Ele deu uma risada e jogou água em mim.
-Ei! – fiz a mesma coisa, mas não bateu nele. Não havia ninguém ali – Arthur?
- Aqui – ele estava atrás de mim com o sorriso travesso que eu amava no rosto – Hora de aprender a nadar.
- Ok – respirei fundo para me concentrar.
- Primeiro você precisa prender o fôlego...
- Essa parte eu sei. O problema está e mexer as pernas e braços.
- Então você não tem pavor a água – não era uma pergunta.
- Não.
- Segure minhas mãos e solte os pés – sua voz era confiante.
- Arthur...
- Faça isso. Quando seus pés não tocarem o chão, comece a bater na água. Bata os pés Sammy. – ele instruiu.
  Obedeci e ele começou a andar para trás. Eu batia os pés para acompanhá-lo e depois de algum tempo, Arthur segurou minhas mãos com um braço enquanto o outro cercava minha cintura.
- Vou soltar suas mãos e preciso que puxe a água. Continue a bater os pés. Quando seu braço for pra direita, deite o rosto na água virado pra esquerda e inspire. Entendeu?
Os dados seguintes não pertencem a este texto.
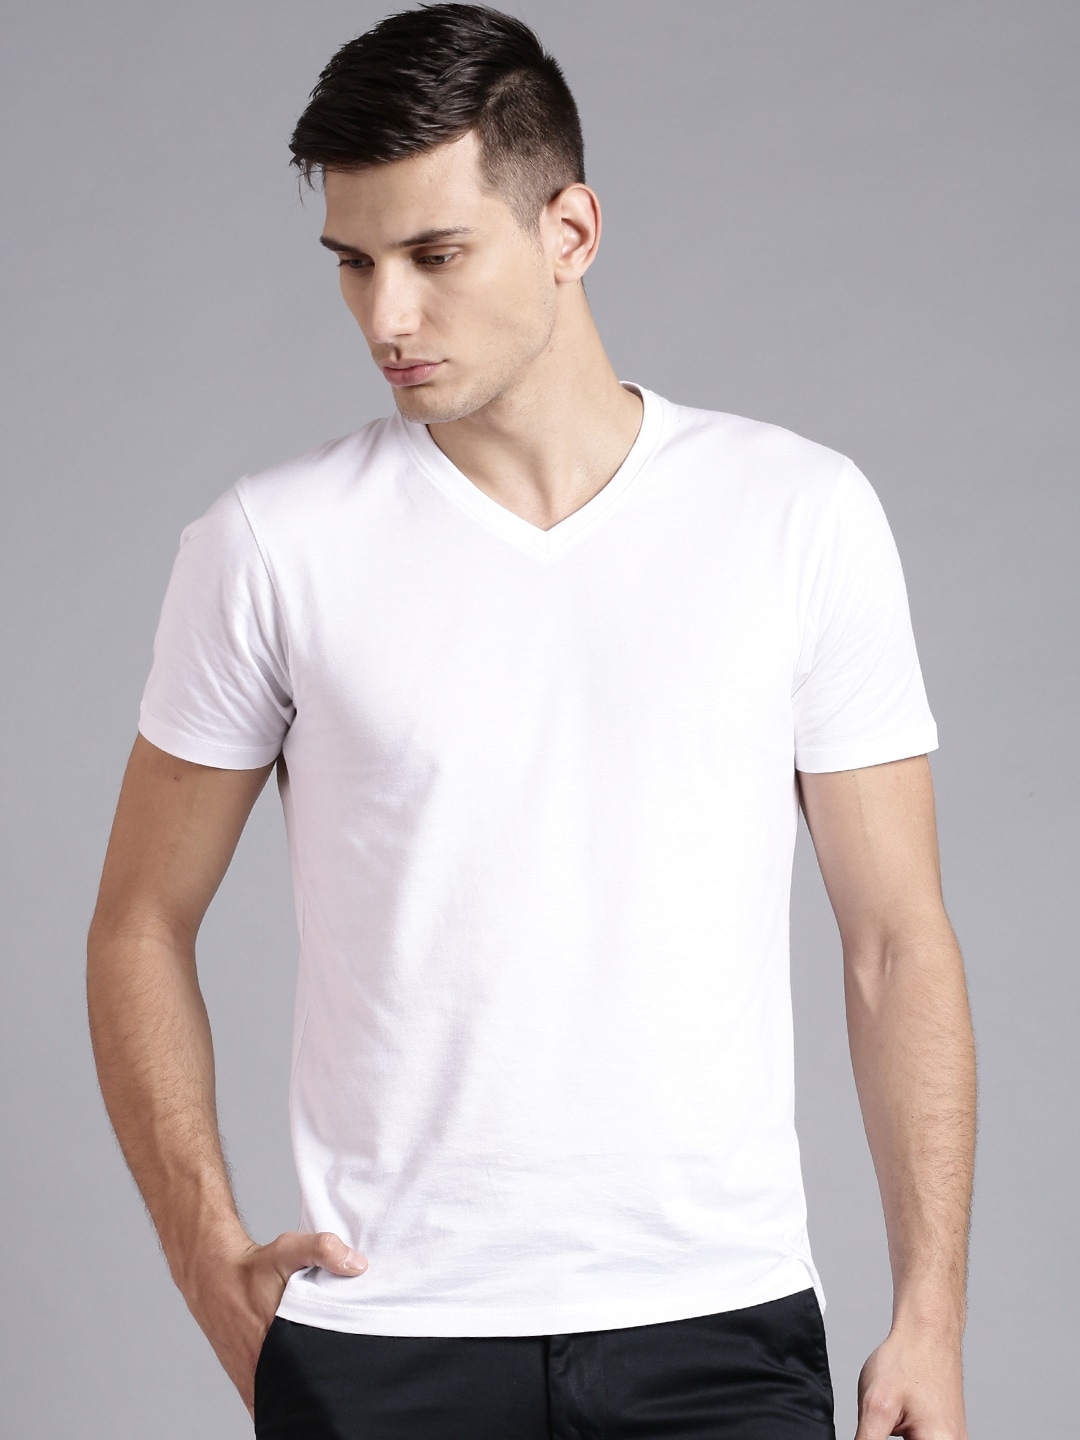 Buy ETHER White Pure Cotton T Shirt - Tshirts for Men 1018619 | Myntra

- Sim – disse com a voz trêmula.
- Não tenha medo. Vamos. Agora.
  Errei algumas vezes, mas Arthur não pareceu se importar. Ele me dizia o que devia fazer e quando percebi, já não estava com ele me segurando. Eu estava nadando sozinha.
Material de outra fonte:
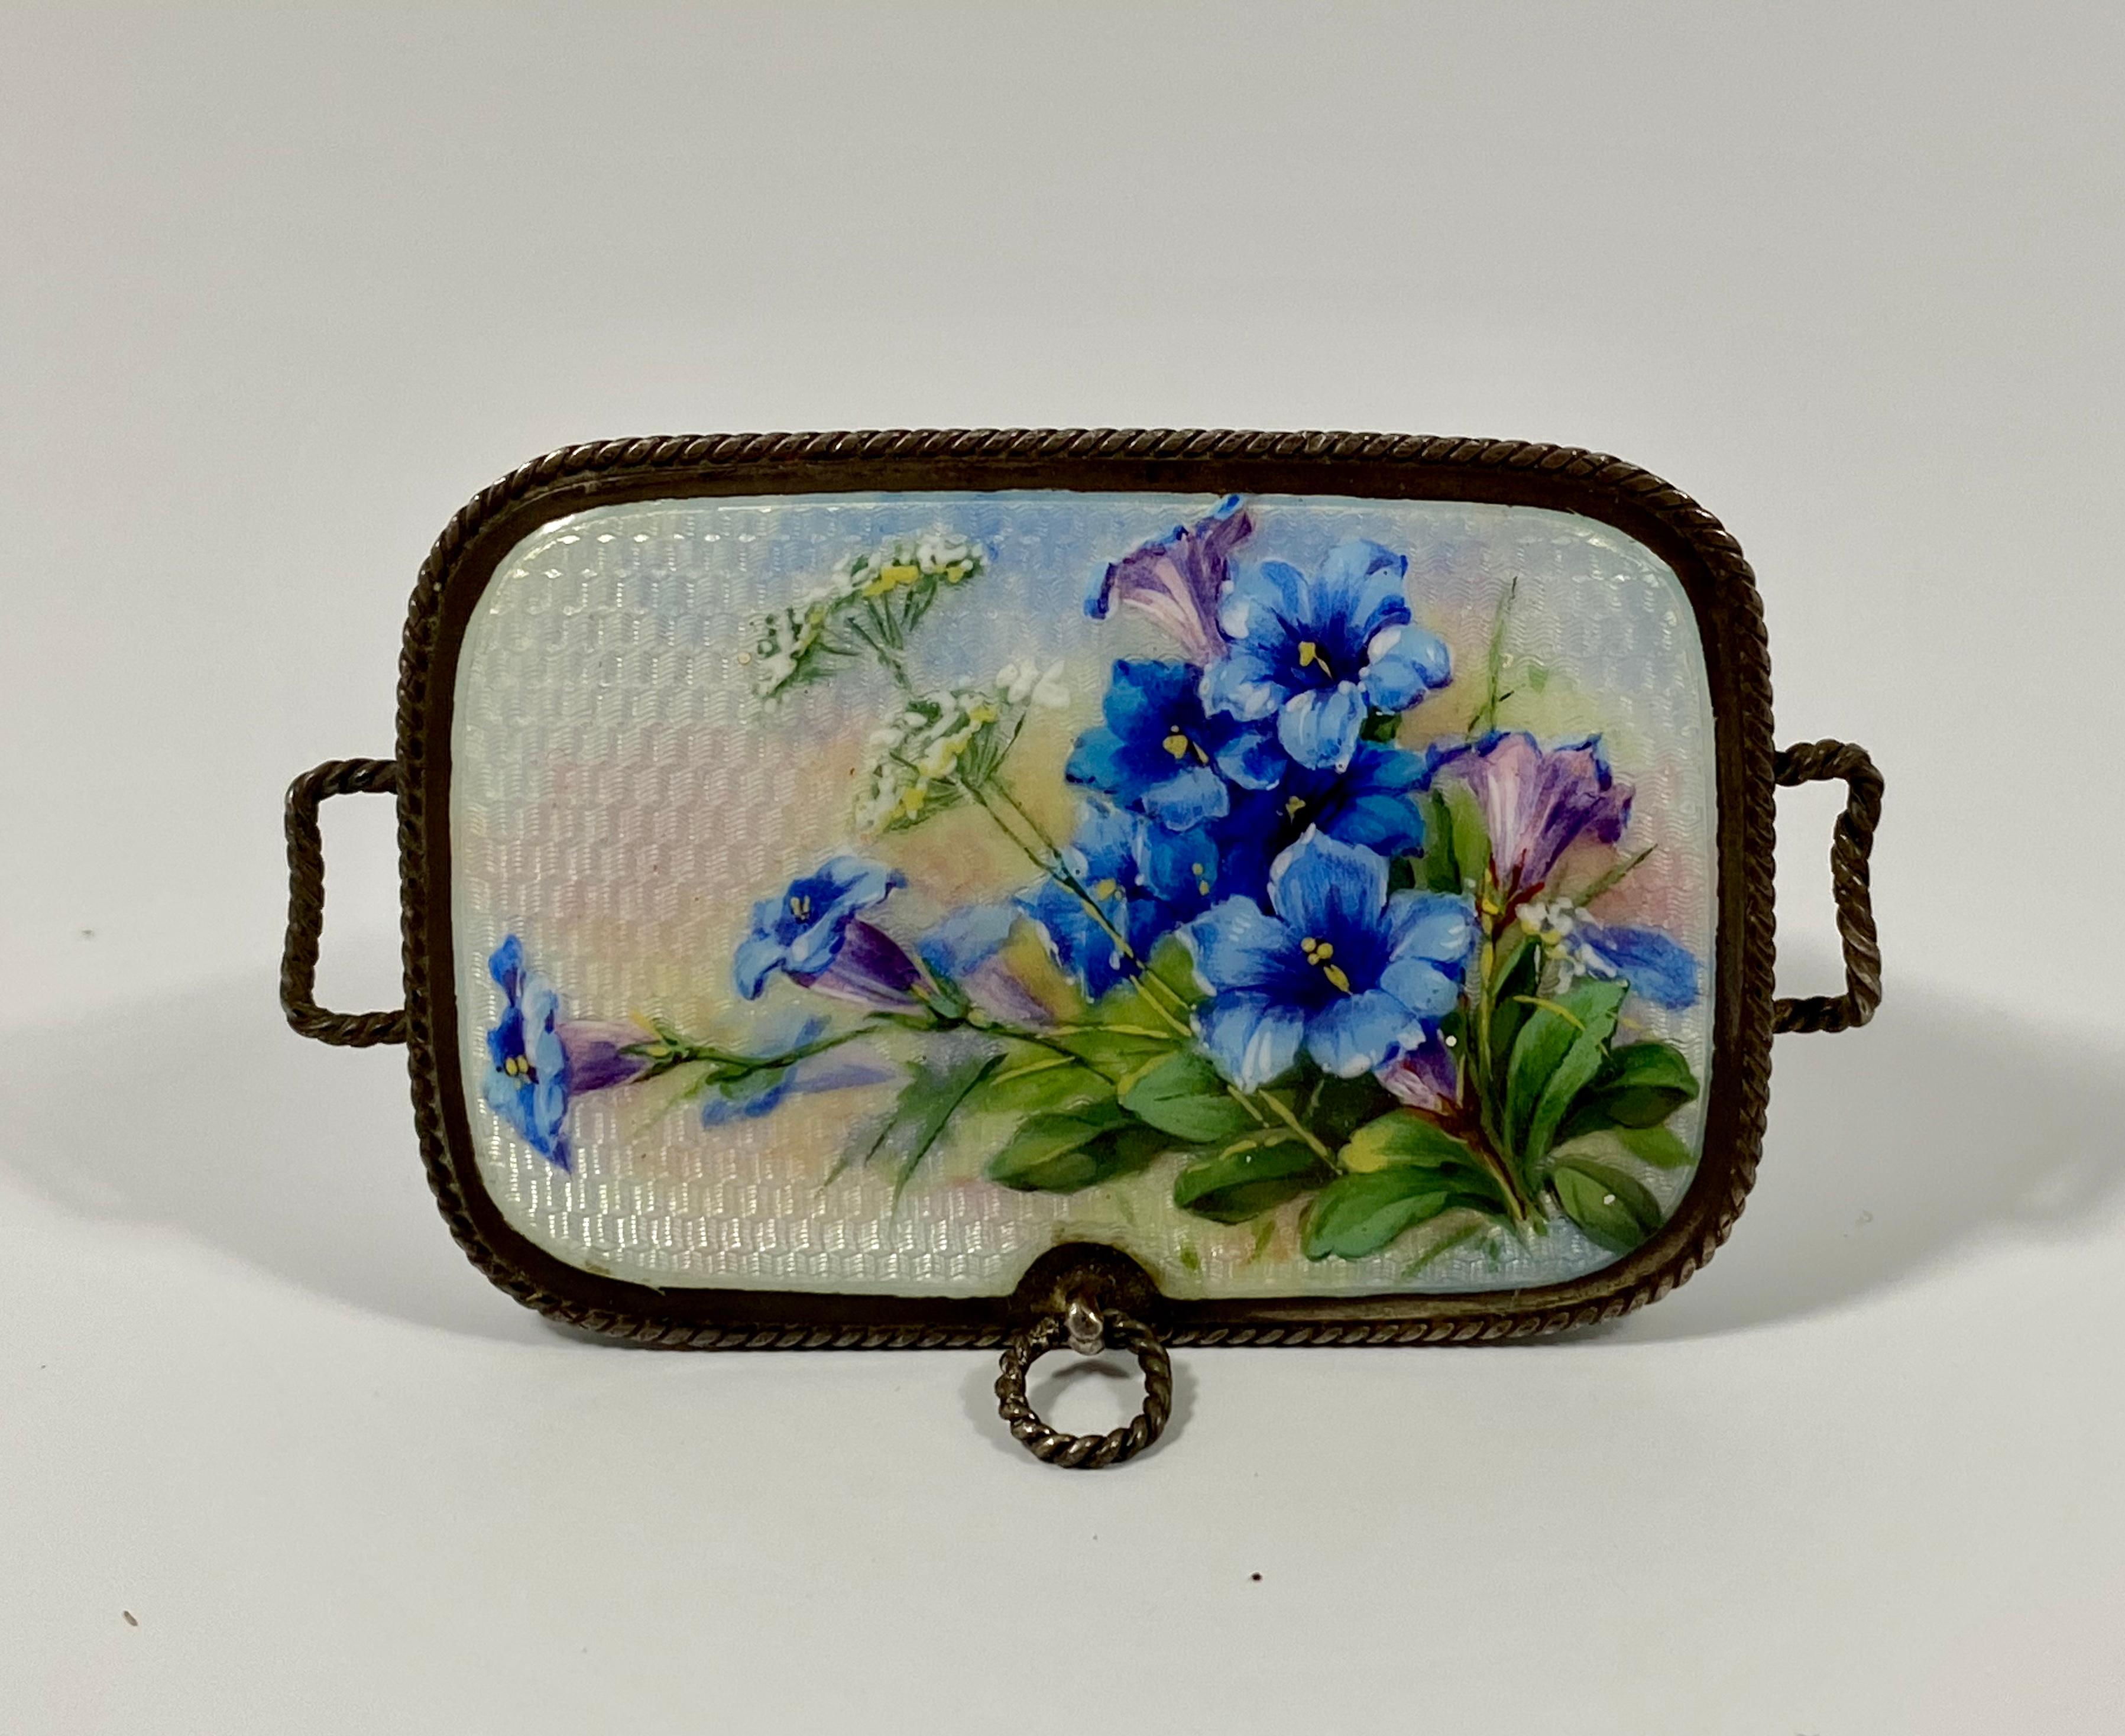 Enameled Silver and Enamel Box, Dated 1911, Import Marks for Cohen & Charles

- Você conseguiu! – ele disse enquanto eu me afastava.
- Obrigada – disse ao voltar para ele.
- Mas ainda falta você aprender a nadar embaixo d’água.
- Ah não... – grunhi.
- É muito mais simples. Tome fôlego – respirei fundo – Agora afunde – fiz o que ele mandou e abri os olhos dentro da água. O sal ardeu um pouco, mas logo me acostumei.
  Arthur afundou também e me pediu para empurrar a água e juntar os calcanhares e depois empurrar. Subi para respirar com ele e quando voltei pra dentro da água, fizemos o movimento.
- Agora só tem que ficar praticando. Parabéns, aprendeu mais rápido do que eu achava – ele deu um beijo em minha testa – Sabe, estou curioso.
- Com o quê?
- Como vai para o jantar?
- Não vou dizer como vou – ele se inclinou para mim.
- Por favor? – ele beijou o canto de meus lábios.
- Já disse que não – suspirei.
- Eu sei que disse – ele beijou suavemente meu pescoço.
- Olhe, pare de tentar me seduzir – coloquei minhas mãos em seu peito e o afastei – Não vou falar – disse olhando em seus olhos.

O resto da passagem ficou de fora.